Some people use praise to get their way or what they want by lavishing superlatives and flowery words upon another because it calls up an actual emotion in the other. Many people will eat that up like fertilizing compost that nourishes as well as sustains them. It reinforces their good feelings about themselves. As a manipulating tool it is a dissembler. Flattering adulation can veil the emotional manipulation. Such praise, admiration, and exaltations can cause a bewilderment and confusion in an individual. It might soften and disguise ones real perception about what has been said. It acts as a smoke screen by clouding the flatterer’s real intention. Then one is easily and craftily manipulated.
Both men and women can experience a particular sweet talker who expresses such smooth talking lines as if they are poured over them like a thick scrumptious gravy. In her song Strong Enough Sheryl Crow sings about flattery as a lie. These lyrics convey the emotional feeling that is generated by flattery.
Are you strong enough to be my man
Lie to me, I promise I’ll believe
Lie to me, but please don’t leave
I have a face I cannot show
I make the rules up as I go
Just try and love me if you can
The following fable clearly shows the use of flattery as a “dissembler.” It is a dissembler because it is a specific type of bending and stretching of a truth that a person would not doubt or have a reservation about, let alone question. Flattery can cause one to lose something of value.
The Fox and the Crow
A Fox once saw a Crow fly off with a piece of cheese in its beak and settle on a branch of a tree.

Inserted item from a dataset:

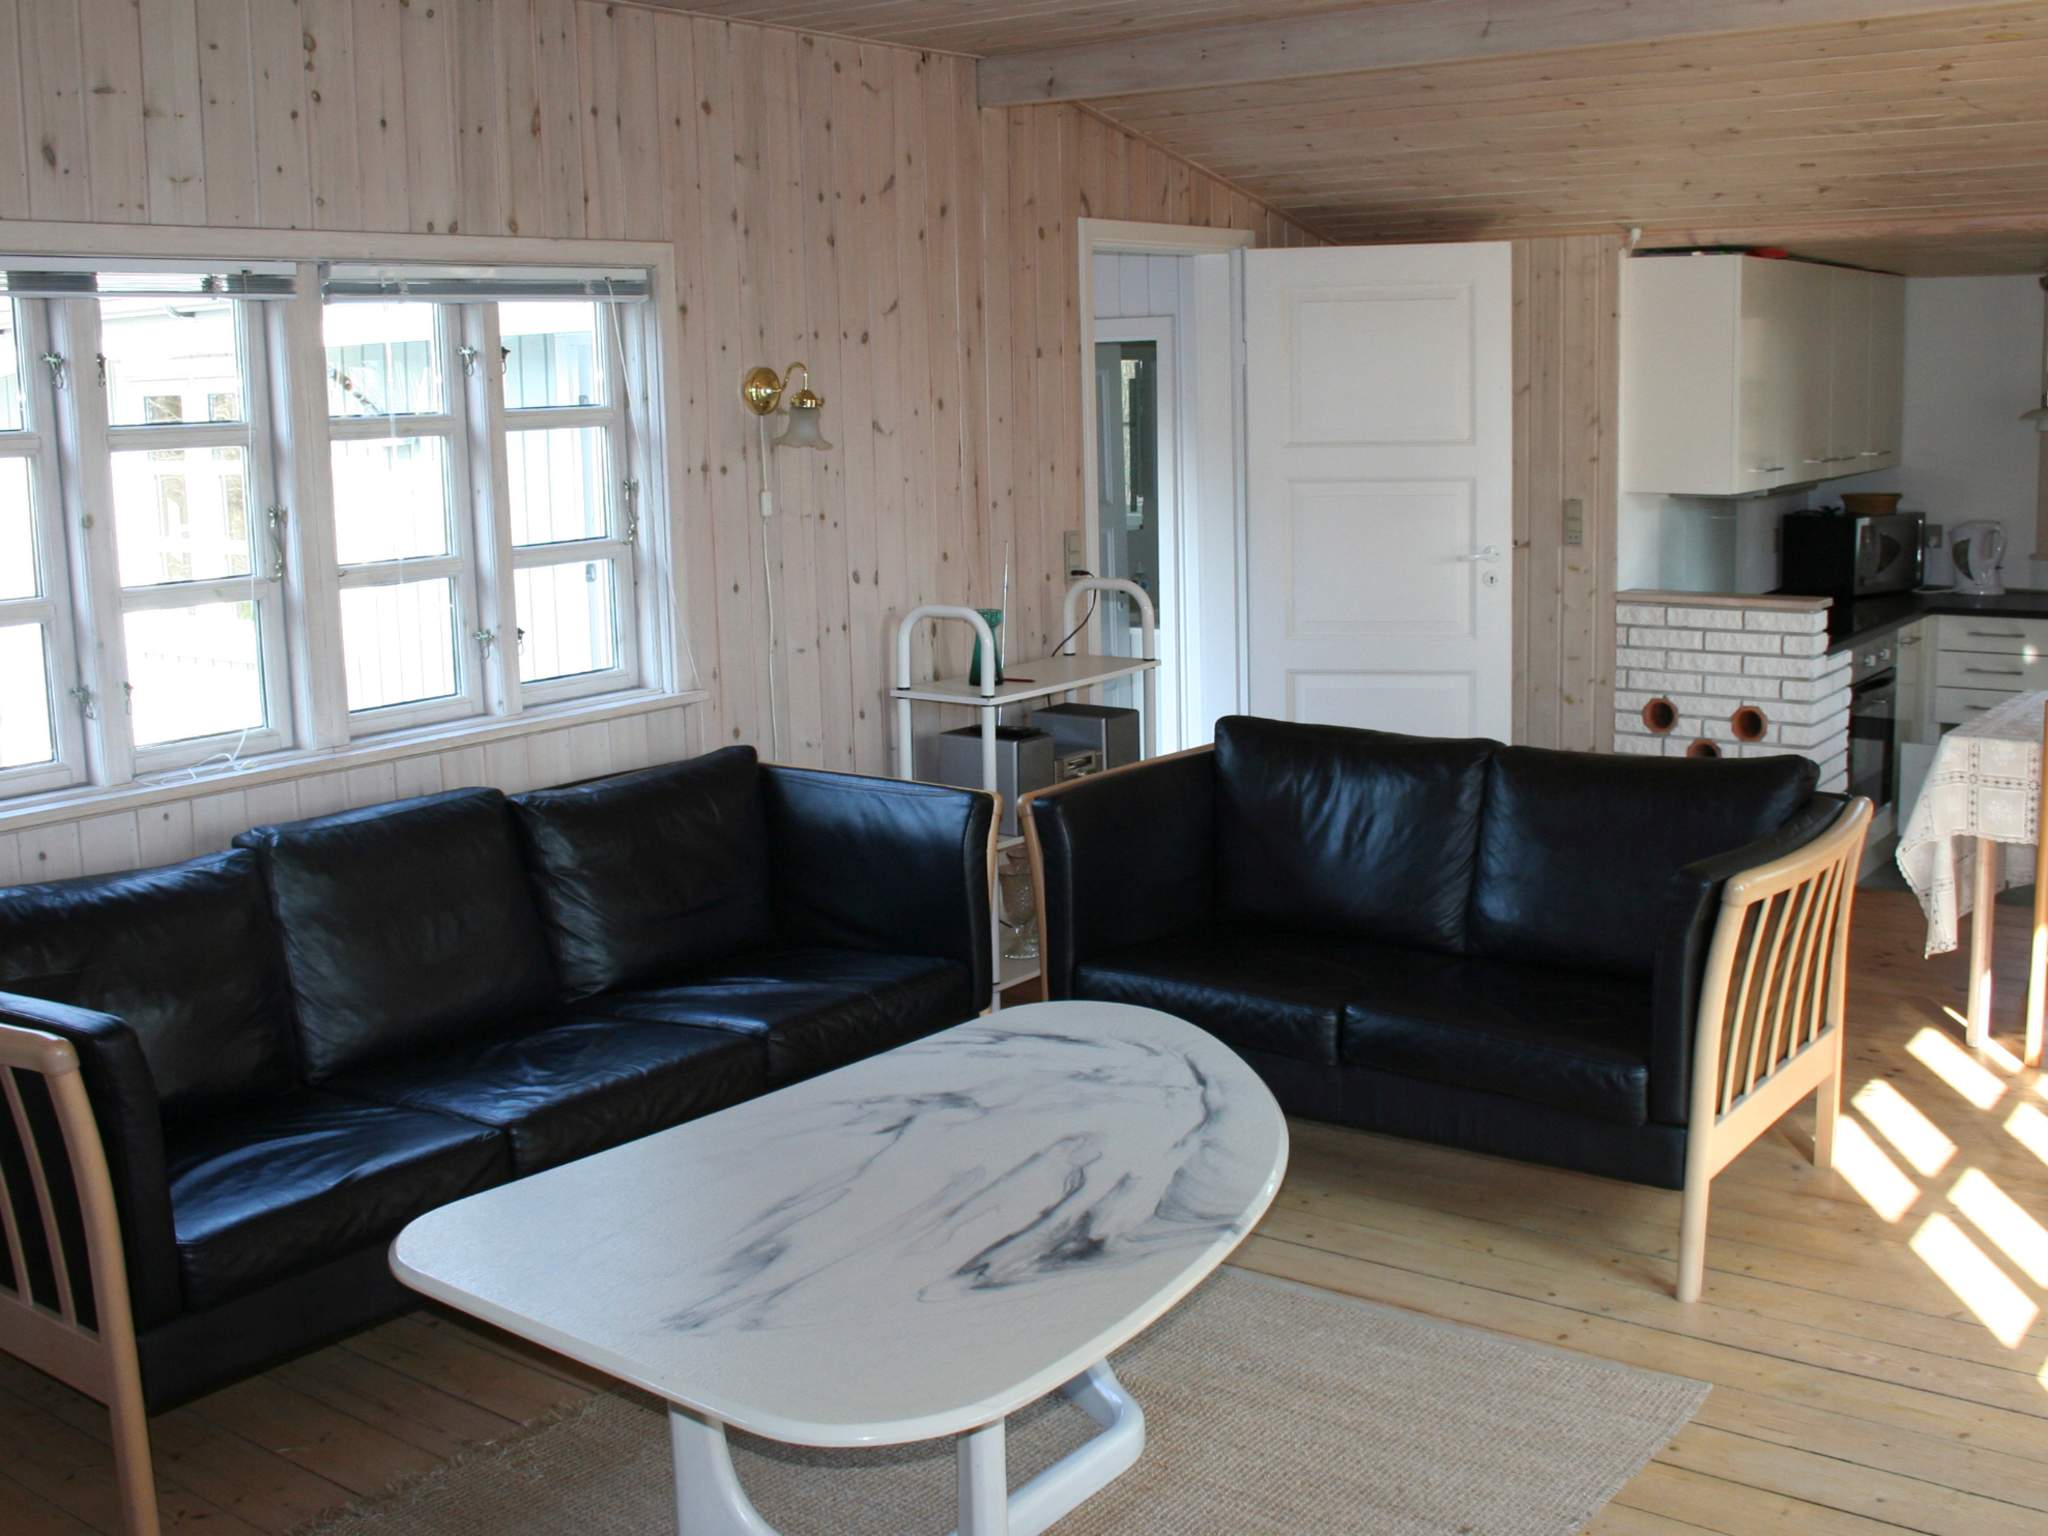 Ferienhaus Balka Strand (493388), Balke, , Bornholm, Dänemark, Bild 16

“That’s for me, as I am a Fox,” said Master Reynard, and he walked up to the foot of the tree.
“Good day, Mistress Crow,” he cried. “How well you are looking today: how glossy your feathers; how bright your eye. I feel sure your voice must surpass that of other birds, just as your figure does; let me hear but one song from you that I may greet you as the Queen of Birds.”
The Crow lifted up her head and began to caw her best, but the moment she opened her mouth the piece of cheese fell to the ground, only to be snapped up by Master Fox.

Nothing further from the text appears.